Note that for subtraction, the top of stack value is subtracted from the next element. This is
intuitive; if you rewrite the postfix expression $2\ 1\ -$ as the infix equivalent $2 - 1$, the
relationship is obvious.

\testcase{2 1}{-}{1}

<<Arithmetic words>>=
    defcode "-",1,,SUB,ADD
    pop t0                      /* b */
    pop t1                      /* a */
    sub t0, t1, t0              /* a - b */
    push t0
    NEXT

@

\texttt{*} multiplies the two values on the top of the stack, replacing them with the result.

\testcase{2 3}{*}{6}

<<Arithmetic words>>=
    defcode "*",1,,MUL,SUB
    pop t0
    pop t1
    mul t0, t0, t1
    push t0
    NEXT

@

\texttt{/MOD} is interesting: it's a combination division and modulus operator, and it's used to
define both of those words later in high-level Forth. It takes a divisor (i.e. the value we're
dividing \textit{by}) at the top of the stack, with the dividend (the value we're \textit{dividing})
below it, and leaves the remainder on top with the quotient below. So, for example, using 3 and 7 as
examples of the divisor and dividend: $7/3=2$ while $7 \mod 3 = 1$.
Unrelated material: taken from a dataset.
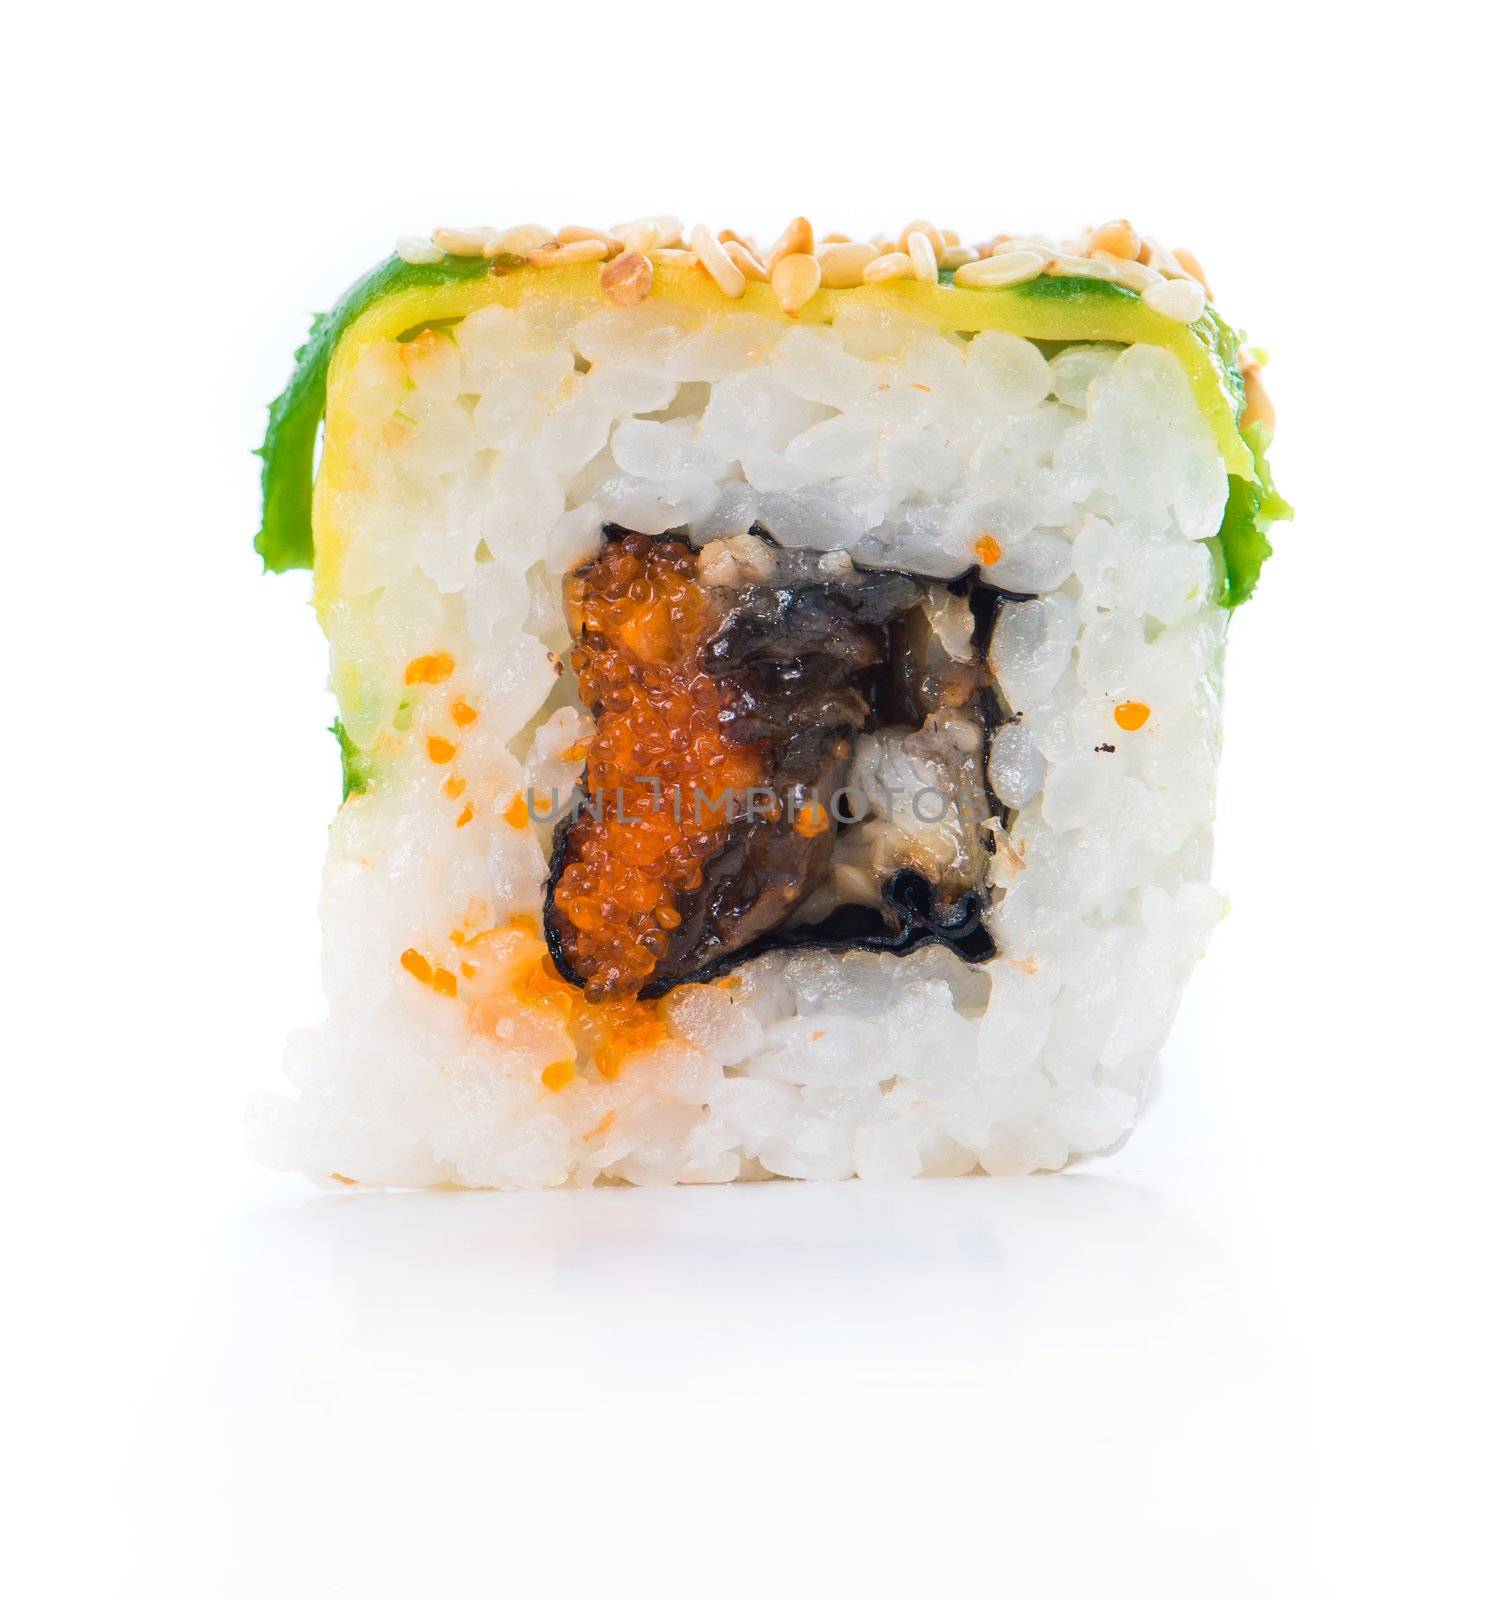 Sushi isolated on a white background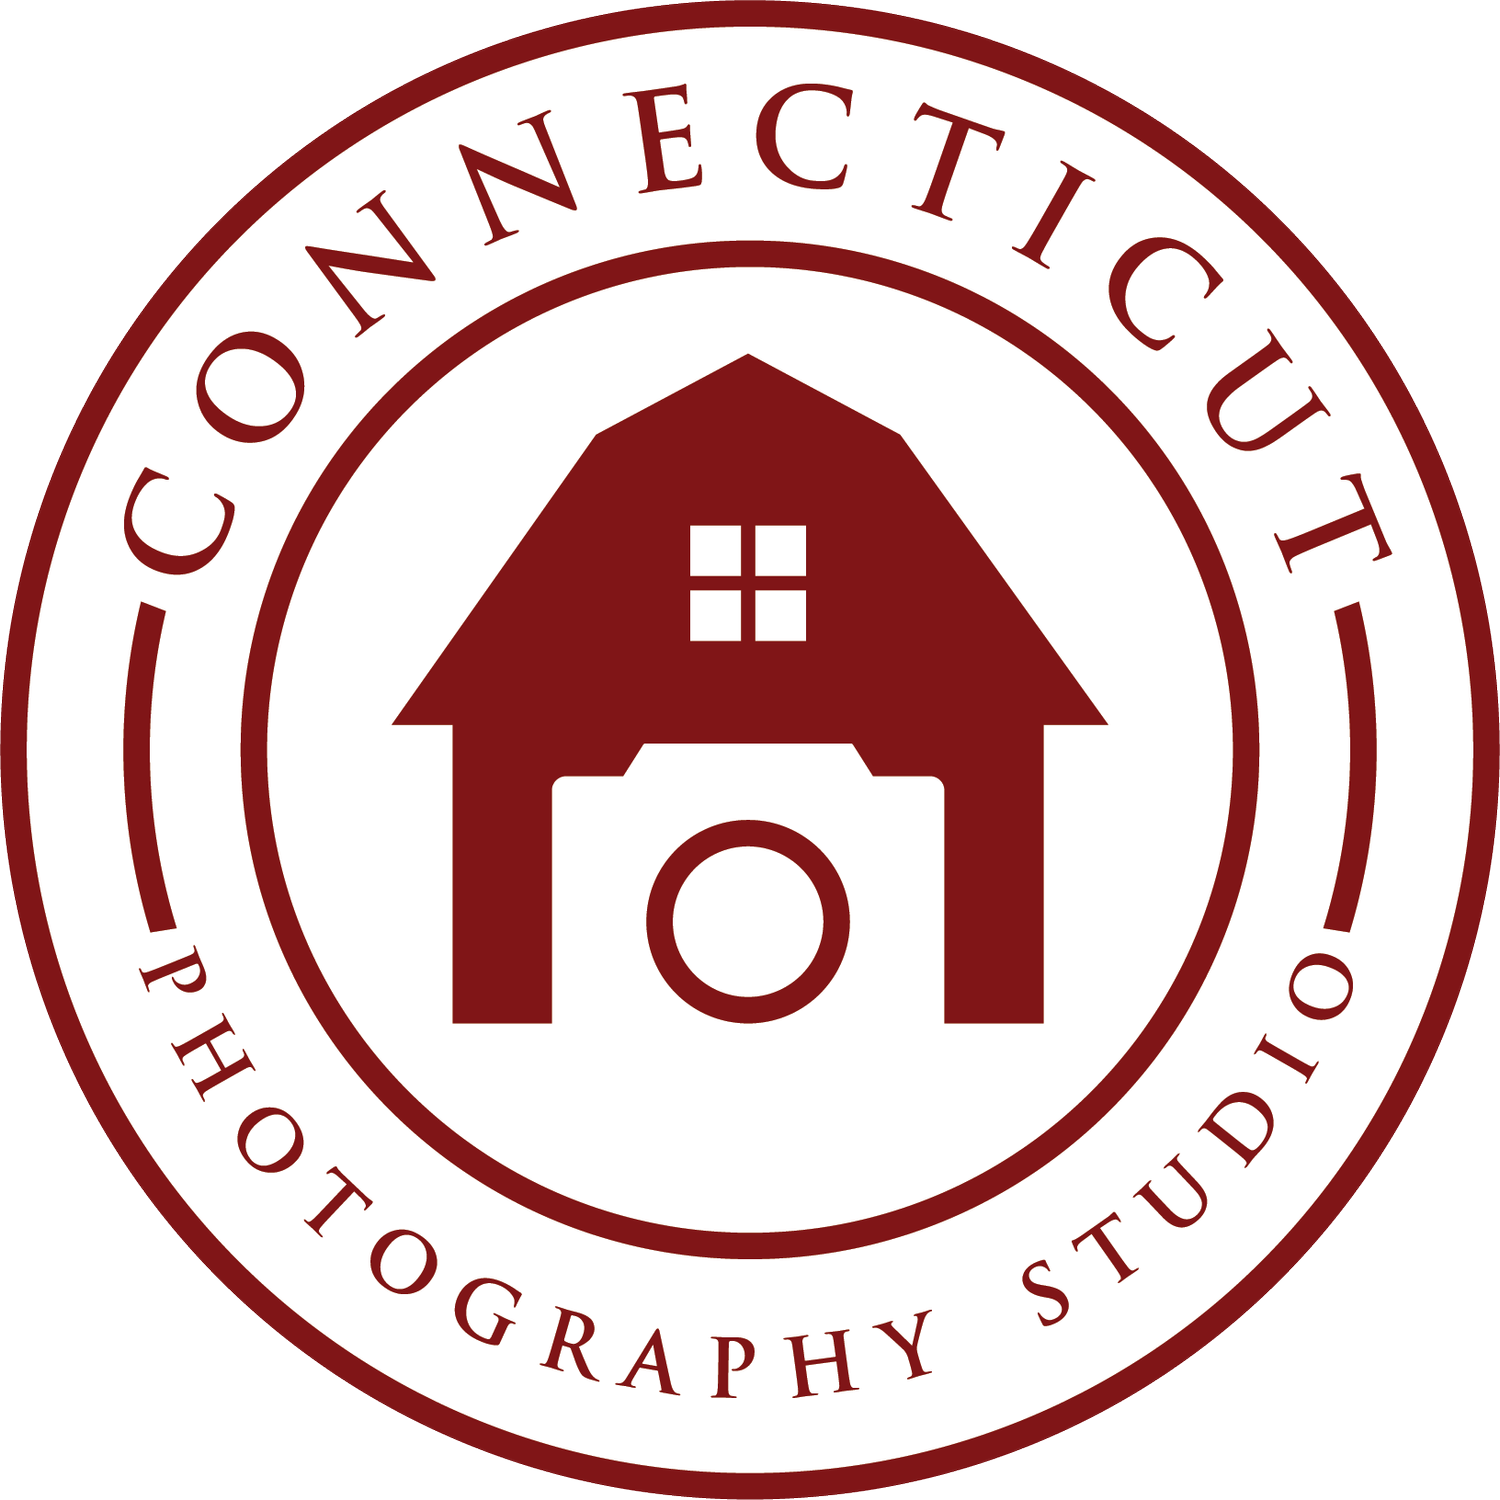 CT Photography Studio

In i386 both results can be computed in a single instruction, but for RISC-V we need to do them
separately. This isn't a huge issue.

% TODO Compare the cycle times of i386 vs RISC-V for /MOD

\testcase{7 3}{/MOD}{1 2}

<<Arithmetic words>>=
    defcode "/MOD",4,,DIVMOD,MUL
    pop t0                      /* Divisor */
    pop t1                      /* Dividend */
    div t2, t1, t0              /* Quotient */
    rem t3, t1, t0              /* Remainder */
    push t3
    push t2
    NEXT

@

\texttt{UM/MOD} is similar to \texttt{/MOD}, but operates on unsigned values.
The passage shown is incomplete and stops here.